[gpfsug-discuss] Change uidNumber and gidNumber for billions of files

Wed Jun 10 12:33:09 BST 2020

On 10/06/2020 02:15, Aaron Knister wrote:
> Lohit,
> 
> I did this while working @ NASA. I had two tools I used, one 
> affectionately known as "luke file walker" (to modify traditional unix 
> permissions) and the other known as the "milleniumfacl" (to modify posix 
> ACLs). Stupid jokes aside, there were some real technical challenges here.
> 
> I don't know if anyone from the NCCS team at NASA is on the list, but if 
> they are perhaps they'll jump in if they're willing to share the code :)
> 
>  From what I recall, I used uthash and the gpfs API's to store in-memory 
> a hash of inodes and their uid/gid information. I then walked the 
> filesystem using the gpfs API's and could lookup the given inode in the 
> in-memory hash to view its ownership details. Both the inode traversal 
> and directory walk were parallelized/threaded. They way I actually 
> executed the chown was particularly security-minded. There is a race 
> condition that exists if you chown /path/to/file. All it takes is either 
> a malicious user or someone monkeying around with the filesystem while 
> it's live to accidentally chown the wrong file if a symbolic link ends 
> up in the file path.

Well I would expect this needs to be done with no user access to the 
system. Or at the very least no user access for the bits you are 
currently modifying. Otherwise you are going to end up in a complete mess.

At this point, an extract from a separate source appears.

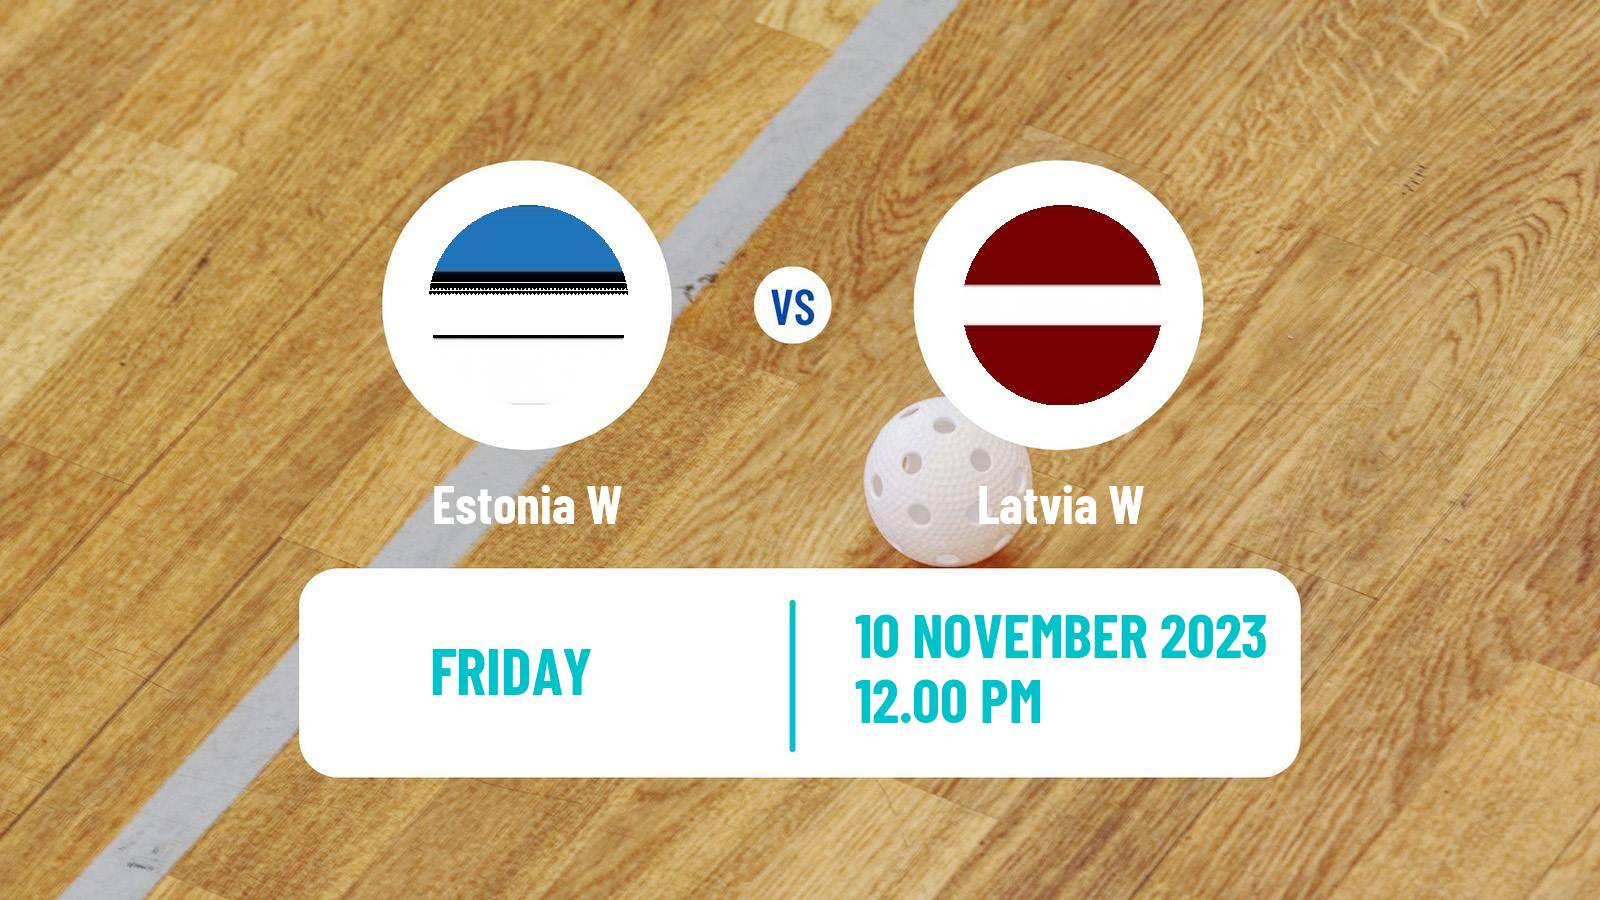 Floorball Friendly International Floorball Women Estonia W - Latvia W

> My work around was to use openat() and fchmod (I 
> think that was it, I played with this quite a bit to get it right) and 
> for every path to be chown'd I would walk the hierarchy, opening each 
> component with the O_NOFOLLOW flags to be sure I didn't accidentally 
> stumble across a symlink in the way.

Or you could just use lchown so you change the ownership of the symbolic 
link rather than the file it is pointing to. You need to change the 
ownership of the symbolic link not the file it is linking to, that will 
be picked up elsewhere in the scan. If you don't change the ownership of 
the symbolic link you are going to be left with a bunch of links owned 
by none existent users. No race condition exists if you are doing it 
properly in the first place :-)

I concluded that the standard nftw system call was more suited to this 
than the GPFS inode scan. I could see no way to turn an inode into a 
path to the file which lchownn, gpfs_getacl and gpfs_putacl all use.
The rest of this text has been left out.